I usually solve the problem by turning off connection pooling. For an integration test suite, this is fine. I usually use integration testing to verify functionality - not performance.

Turning off connection pooling is easily done by setting the flag to false in the connection string:

Server=(LocalDB)\MSSQLLocalDB;Database=Booking;Integrated Security=true;Pooling=false

This means that when you get to the teardown phase of the test, you can issue a DDL statement to the master database:

IF EXISTS (SELECT name
    FROM master.dbo.sysdatabases
    WHERE name = N'Booking')
DROP DATABASE [Booking]

When connection pooling is turned off, no other connections are open when you attempt to do that, and the database (here named Booking) is deleted.

Forcibly close other connections #

Recently, however, I ran into a testing scenario where connection pooling had to be turned on. When you turn on connection pooling, however, the above DROP DATABASE statement fails because at least one connection from the pool is still connected to the database.

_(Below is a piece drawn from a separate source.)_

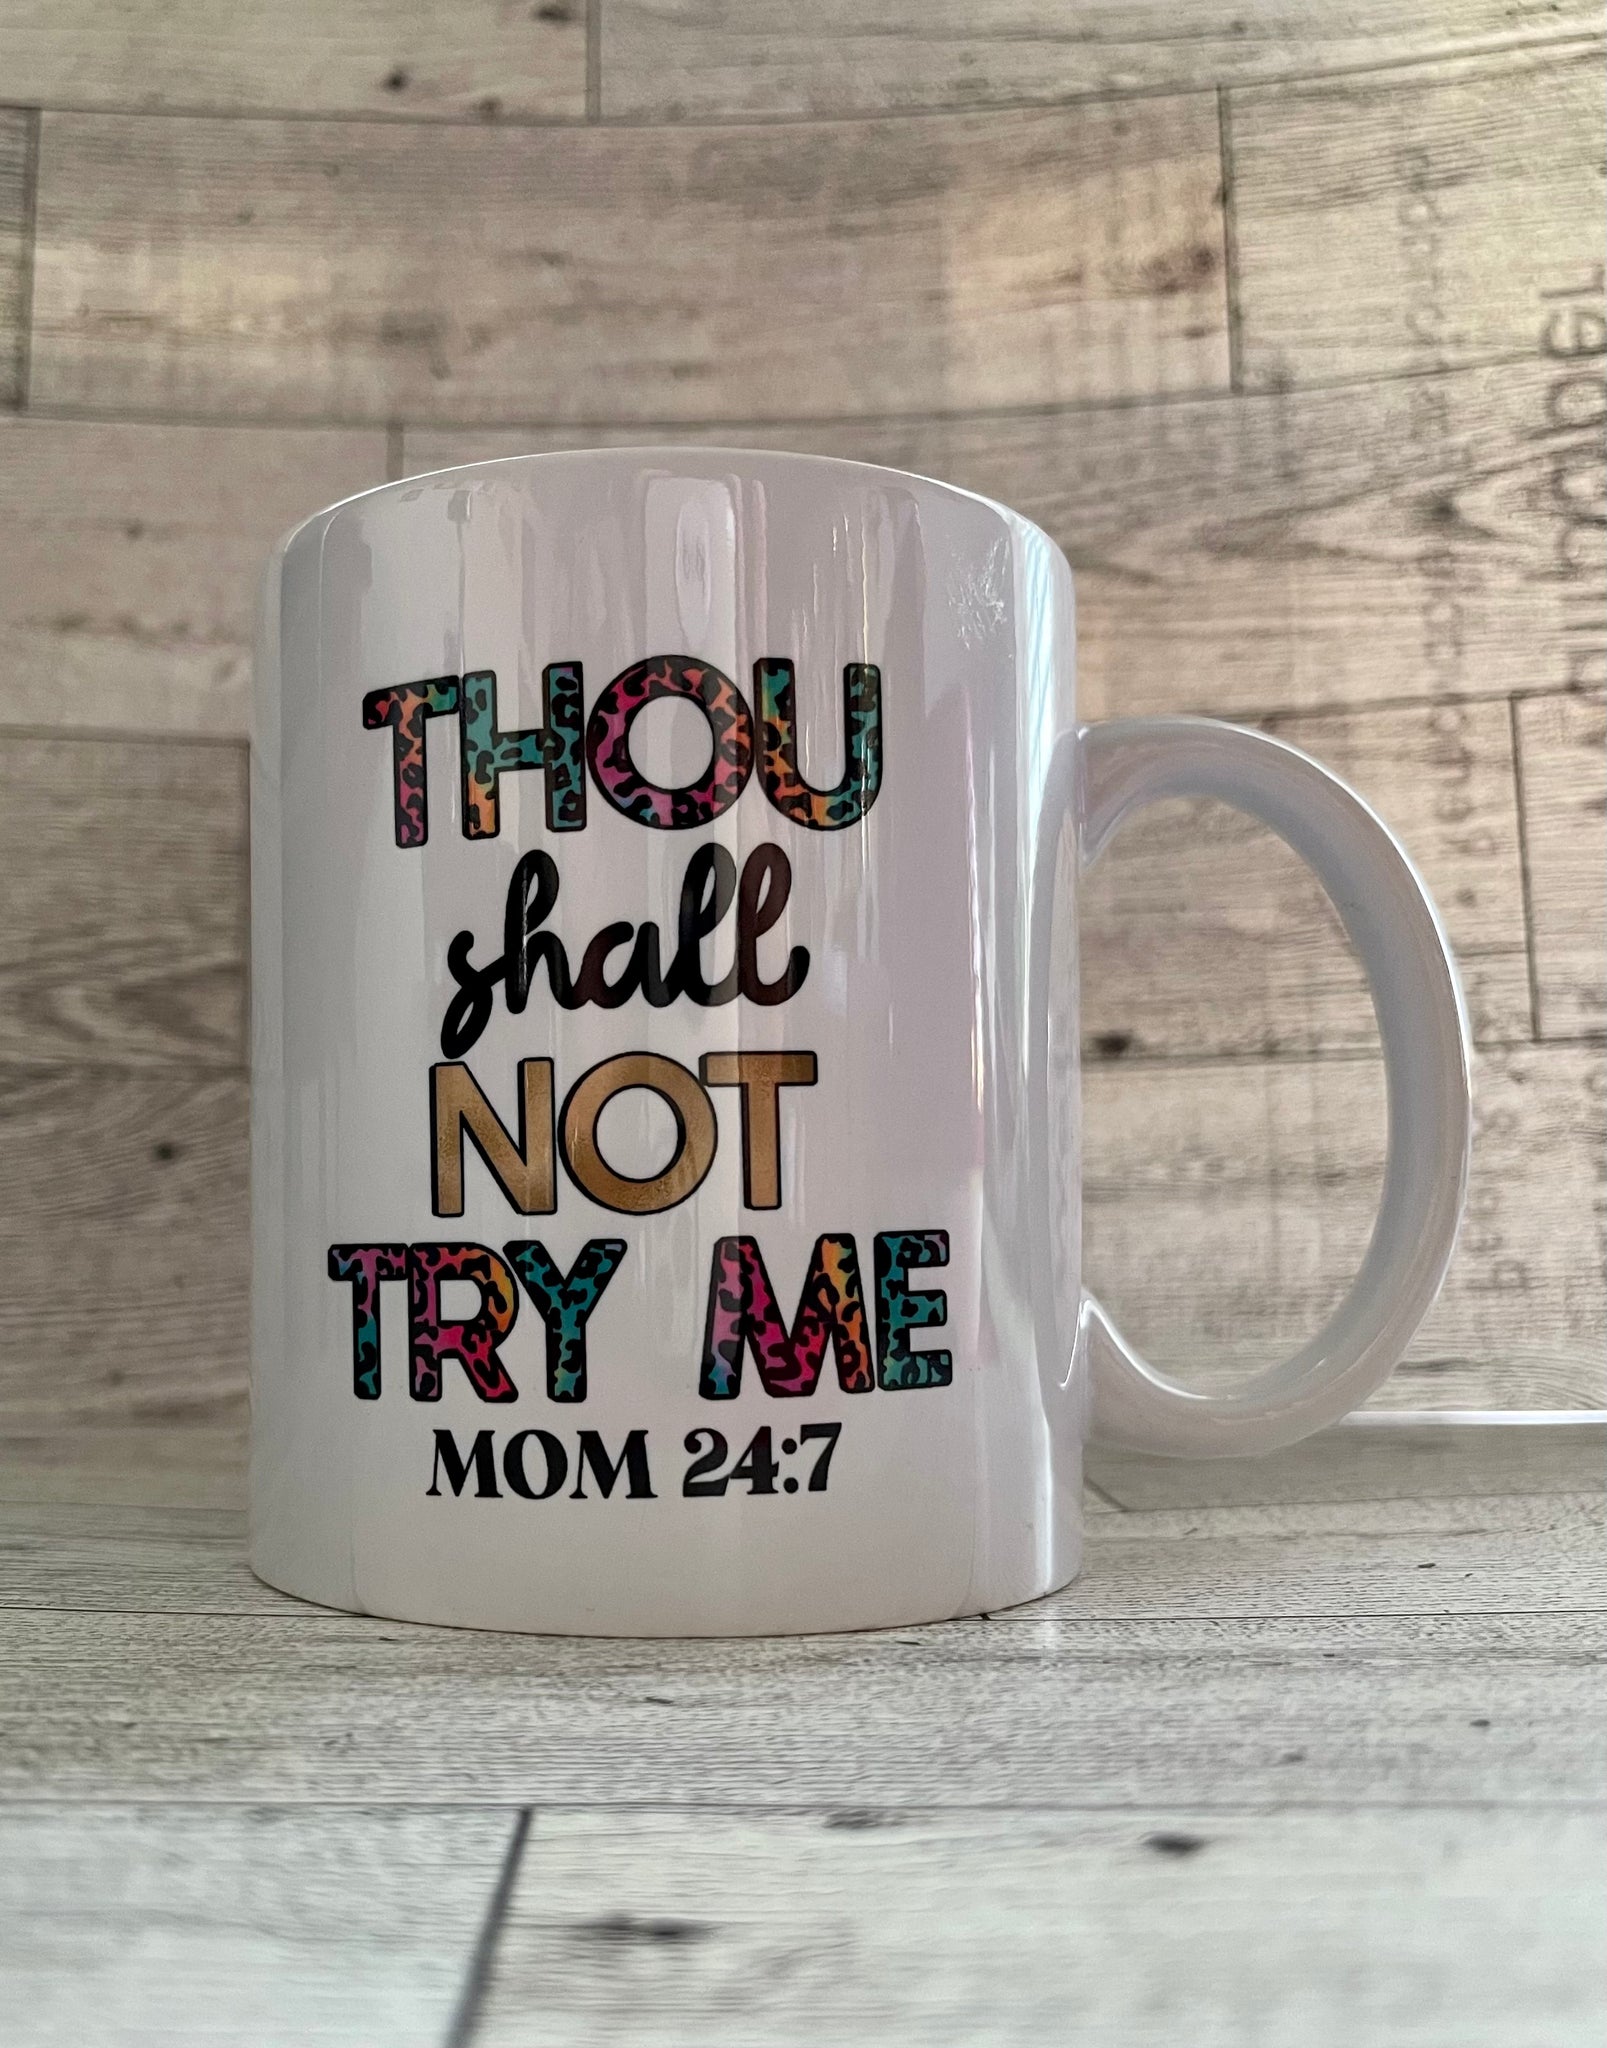 Thought shall not try me mom 24:7 11 Oz ceramic mug

To solve that issue, I forcibly close other connections during teardown:

IF EXISTS (SELECT name
    FROM master.dbo.sysdatabases
    WHERE name = N'Booking')

BEGIN
    -- This closes existing connections:
    ALTER DATABASE [Booking]
    SET SINGLE_USER WITH ROLLBACK IMMEDIATE

    DROP DATABASE [Booking]
END

Surprisingly, turning on connection pooling like this makes the integration tests slower. I suppose it's because throwing other connections off the database involves a bit of negotiation between the server and the clients, and that takes some time.

While slower, it does enable you to run the integration tests with connection pooling turned on. When you need it, you need it.

Summary #

You can run integration tests against a SQL Server Express database. People do it in various ways, but I've found that setting up and tearing down a pristine database for each test case is a robust and maintainable solution to the problem.

SQL Server will not, however, allow you to delete a database if other connections exist. The easiest and fastest solution to that problem is to turn off connection pooling.

Sometimes, you can't do that, so instead, you can expand your database teardown script so that it closes existing connections before it deletes the database.


Comments

This sounds like a great approach. I have been on projects with tests that involved the database, but none of them were designed as well as this. I will be sure to come back to this post when we add a database to my current project.

My understanding is that SQL Server Express and LocalDB are not the same thing. Are you using SQL Server Express or LocalDB? Do you prefer one over the other for this database testing approach of yours?

2020-07-25 19:58 UTC

Tyson, thank you for writing. It's not really my area of expertise. I use the one bundled with Visual Studio, so I suppose that's actually LocalDB, and not SQL Server Express.